Frequently Asked Questions About Neurodiversity in the Workplace

What Are Examples of Neurodiversity at Work?

Some neurodiversity conditions to expect in the workplace include:

  • Autism

  • Dyslexia

  • Dyspraxia

  • ADHD (Attention deficit hyperactive disorder)

How Can We Support Neurodiversity in the Workplace?

Work to inform your staff what neurodiversity is and how to collaborate with neurodivergent colleagues to ensure better inclusivity. Ask neurodivergent employees what you can do to reasonably accommodate their needs. Also communicate clearly  to ensure there’s no ambiguity or  misinterpretation.

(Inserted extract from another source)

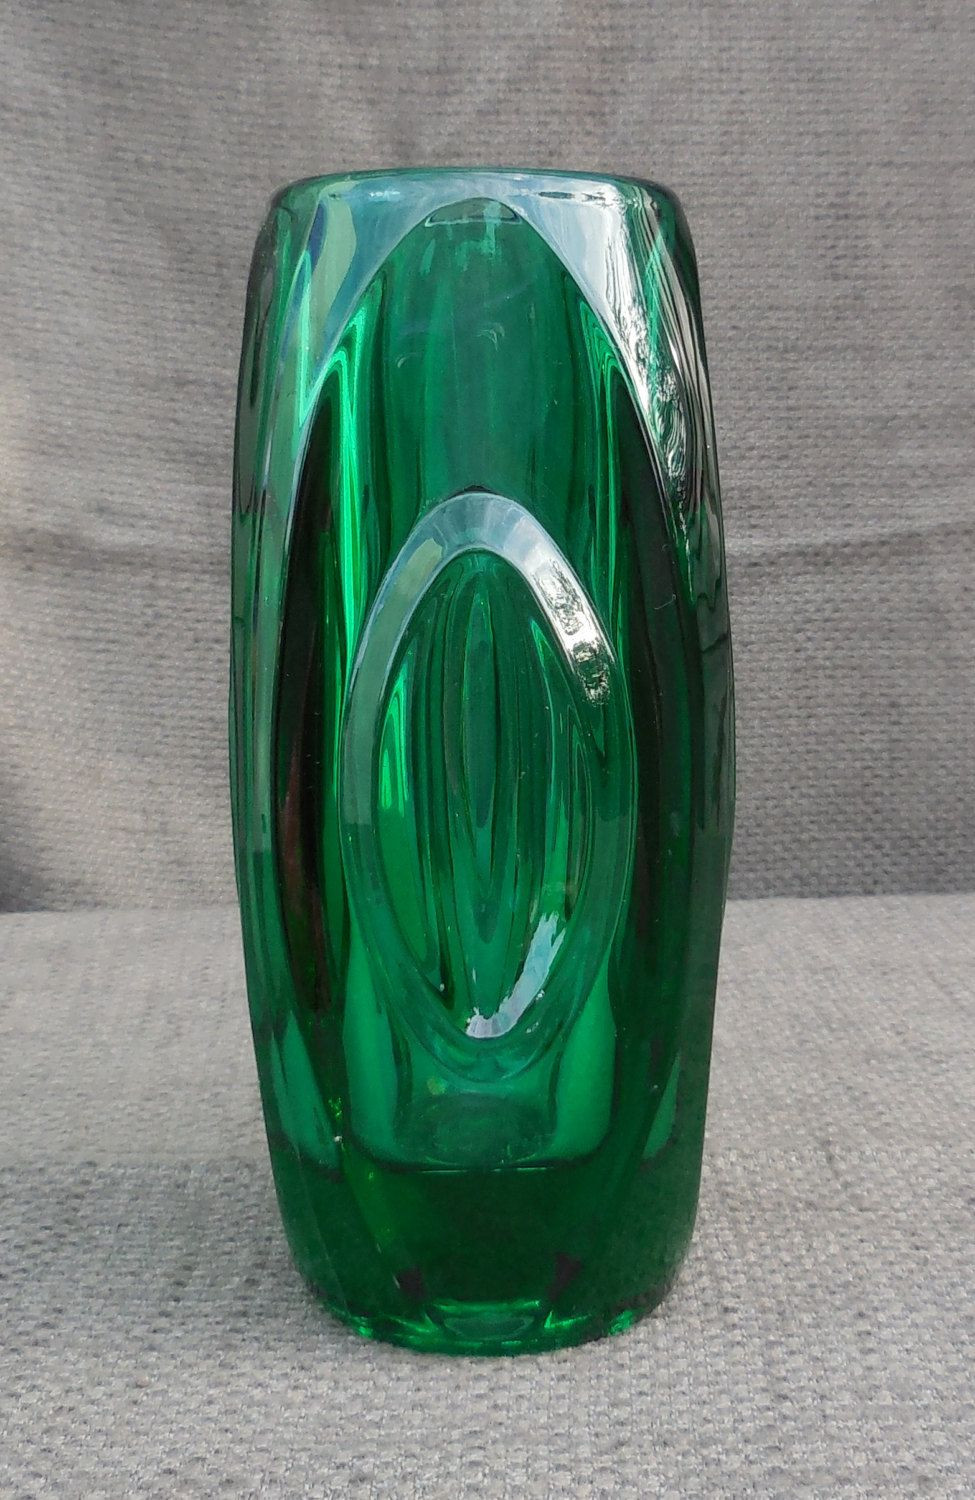 23 Great Double Glass Vase 2024 free download double glass vase of stunning 1950s vintage rosice czech lens green art glass vase by with regard to stunning 1950s vintage rosice czech lens green art glass vase by rudolph schrotter

What Are the Benefits of Revealing Neurodiversity in the Workplace?

Revealing neurodiversity helps businesses better understand employees’ work processes and the specific accommodations they need to thrive. It can also lead to a productive conversation on how employers can best encourage and support neurodivergent employees in the workplace.

Supporting Neurodiversity in Your Workplace

With most of society organised with neurotypicals in mind, neurodivergent individuals can get left behind in several areas, including in the professional realm. However, that doesn’t have to be the case in the workplace. Understanding neurodivergent employees and learning to work with their challenges to enable their work processes can make them into some of your most effective personnel. Embracing their unique perspectives can lead to more creative ideas that guide your company to success.